Congratulations to Jeremy Scahill and the entire team that worked on Dirty Wars for being nominated for the Best Documentary Oscar.

This post may appear to be shamelessly opportunistic — exploiting the attention Dirty Wars will get in the days ahead to make a political point before the President endorses the dragnet on Friday — but I’ve been intending to write it since November, when I wrote this post.

Jeremy Scahill (and the entire Dirty Wars team) is the kind of person whose contacts and sources are exposed to the government in its dragnet.

To write his book (and therefore research the movie, though not all of this shows up in the movie) Scahill spoke with Anwar al-Awlaki’s father (one degree of separation from a terrorist target), a number of people with shifting loyalties in Somalia (who may or may not be targeted), and Afghans we identified as hostile in Afghanistan. All of these people might be targets of our dragnet analysis (and remember — there is a far looser dragnet of metadata collected under EO 12333, with fewer protections). Which puts Scahill, probably via multiple channels, easily within 3 degrees of separation of targets that might get him exposed to further network analysis. (Again, if these contacts show up in 12333 collection Scahill would be immediately exposed to that kind of datamining; if it shows up in the Section 215 dragnet, it would happen if his calls got dumped into the Corporate Store.) If Scahill got swept up in the dragnet on a first or second hop, it means all his other sources, including those within government (like the person depicted in the trailer above) describing problems with the war they’ve been asked to fight, might be identified too.
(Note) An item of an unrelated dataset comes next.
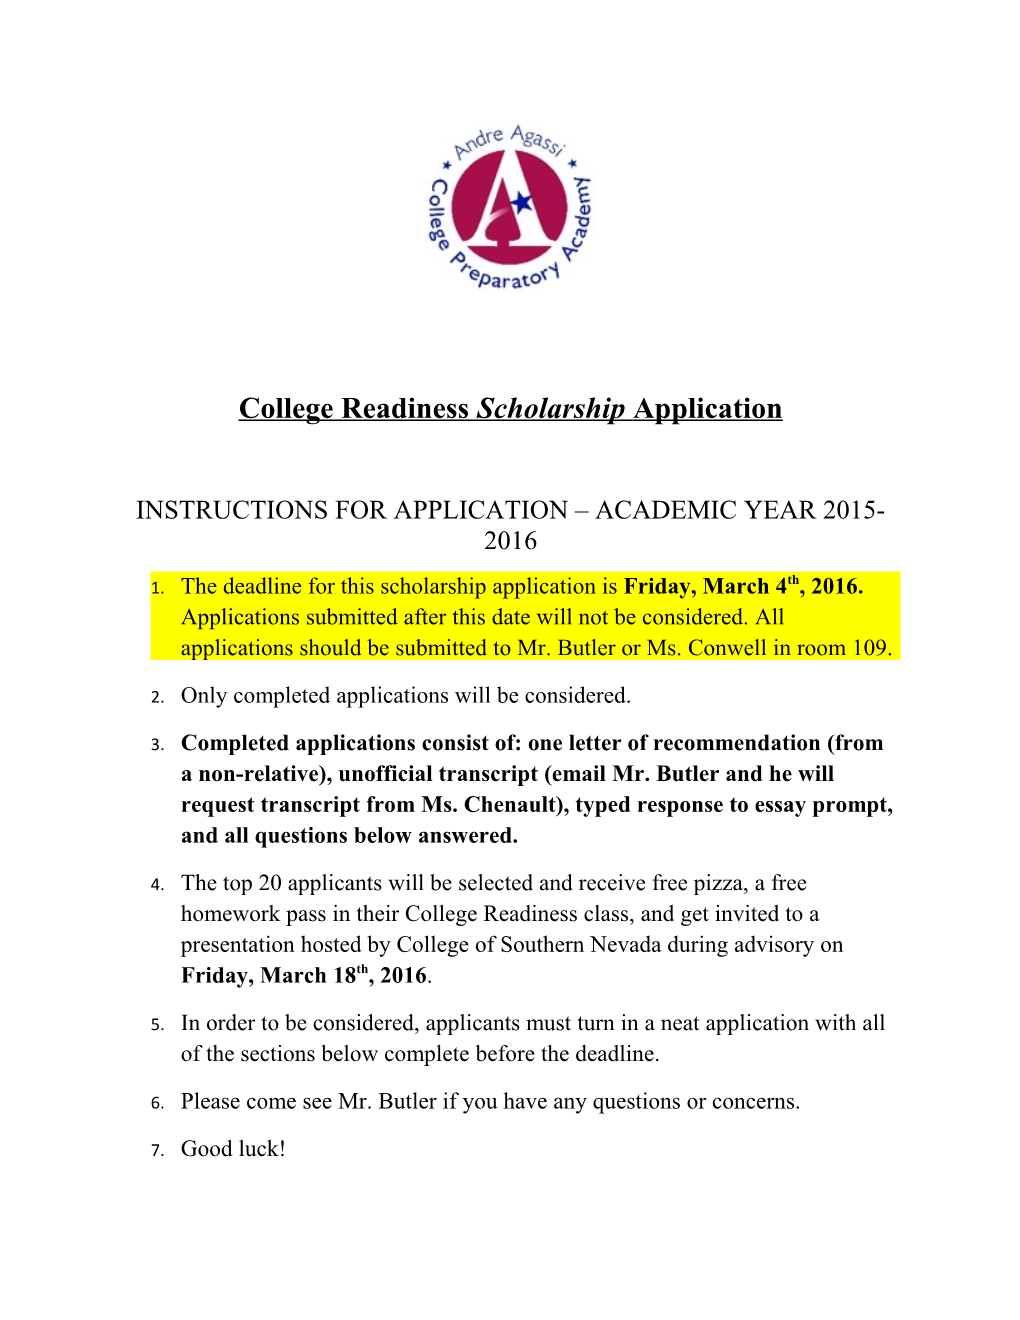 Instructions for Application Academic Year 2015-2016

Scahill might avoid some of this with diligent operational security — a concerted effort to prevent the government from tracking him along with terrorists (though remember two things: one purpose of the dragnet is to discover burner phones, and his computer got hacked while he was working on this book). But the government’s intent is to sweep up records of any conversations that get as close to those hostile to American efforts as Scahill does.

One of my favorite figures in Scahill’s book was the Heineken and Johnny Walker swilling Mullah Zabara, a Yemeni tribal leader from Shabwa who expressed the ambivalence Yemenis might feel towards the US.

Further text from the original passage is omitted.